╭─ DATA PROVIDED

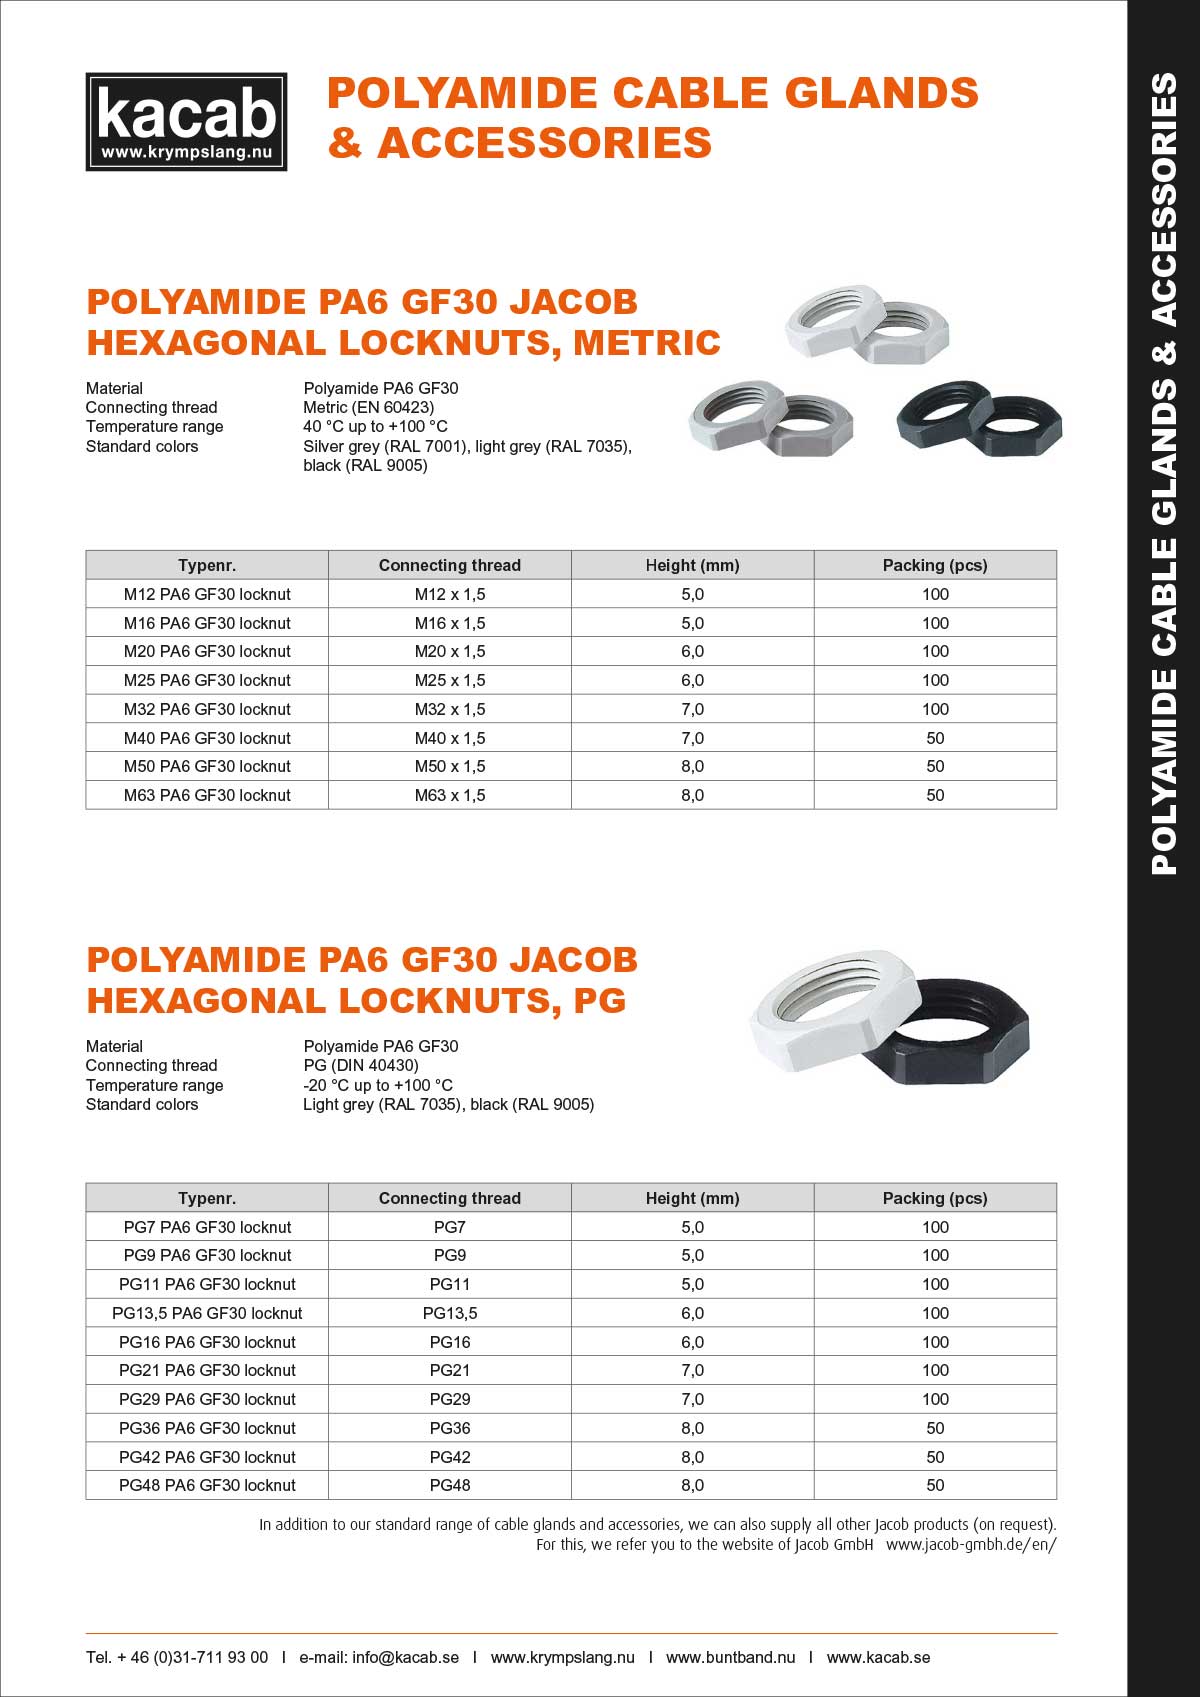 Polyamide PA6 GF30 Jacob hexagonal locknuts-metric-ram
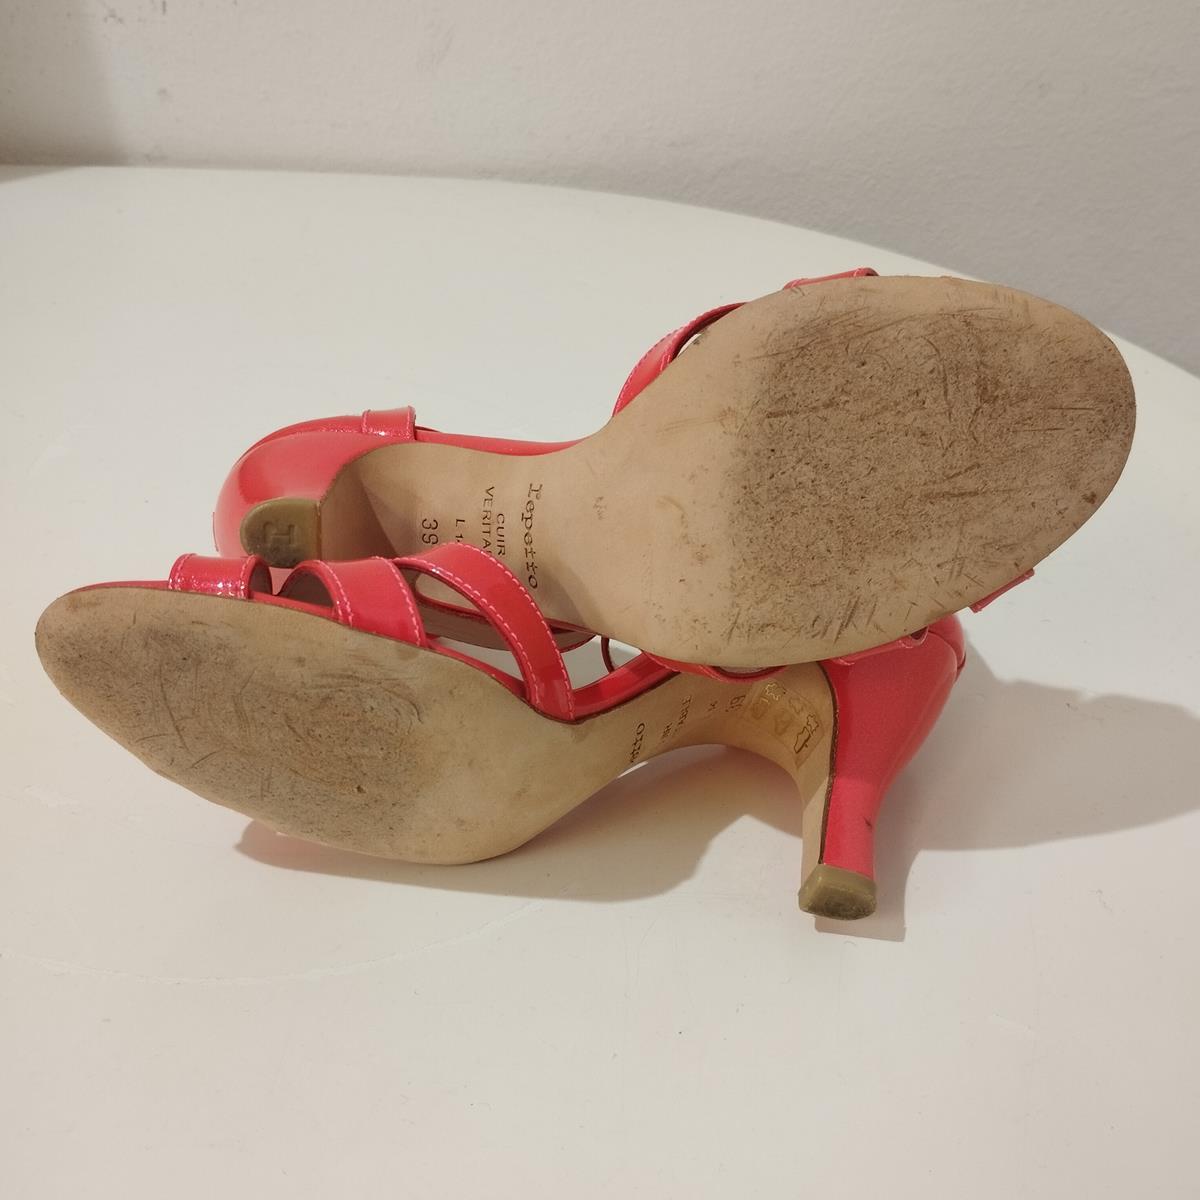 Repetto Paris Patent Leather Sandals IT 39 For Sale 3
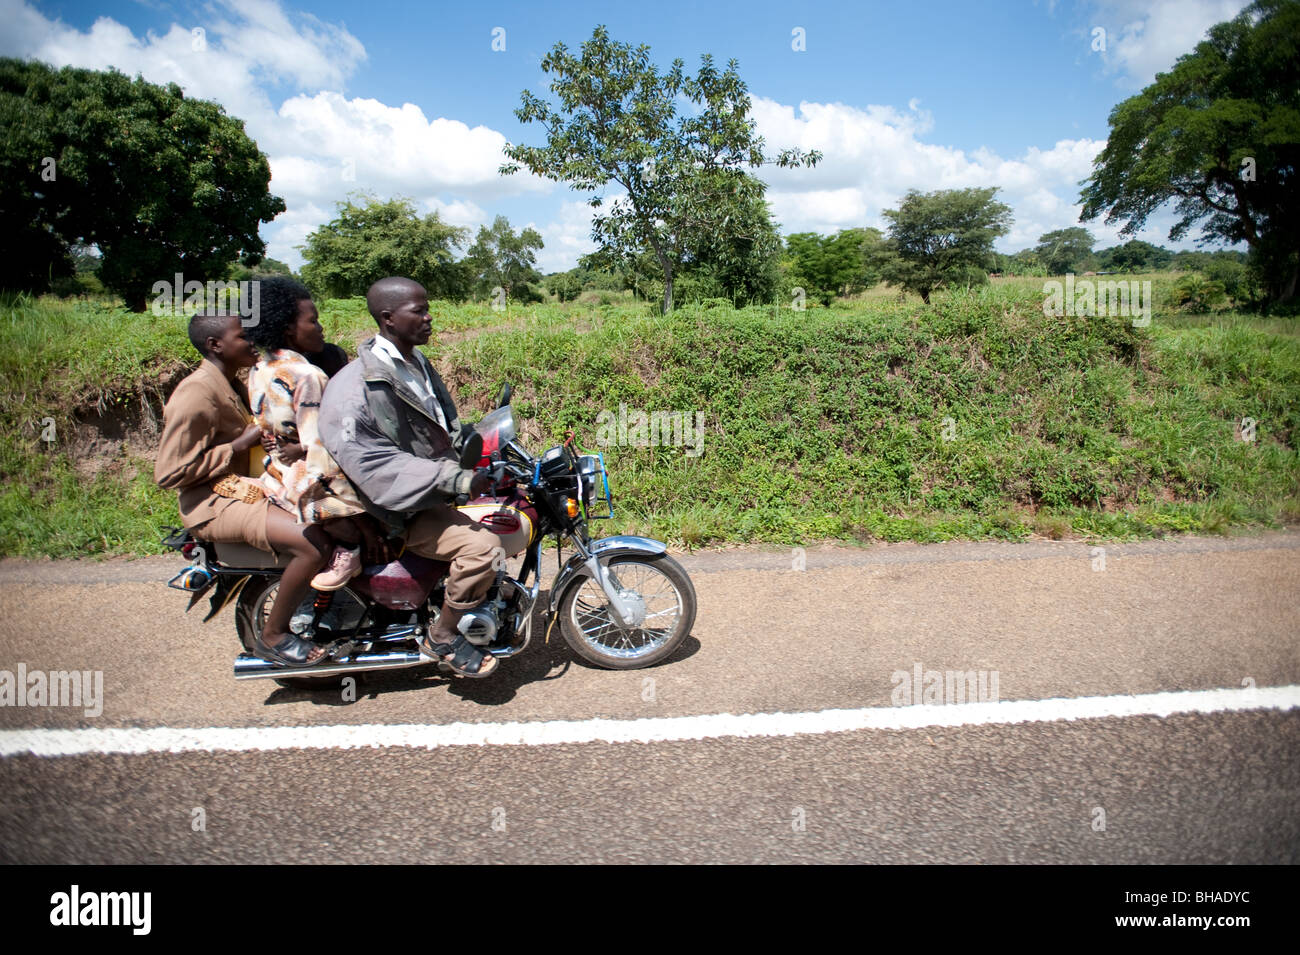 familia-africana-en-una-moto-bhadyc.jpg

╰─

**WHAT YOU ARE ASKED TO DO**
Could you return the whole listing exactly, with every picture removed?

**RESULT**
 Polyamide PA6 GF30 Jacob hexagonal locknuts-metric-ram
 Repetto Paris Patent Leather Sandals IT 39 For Sale 3
 familia-africana-en-una-moto-bhadyc.jpg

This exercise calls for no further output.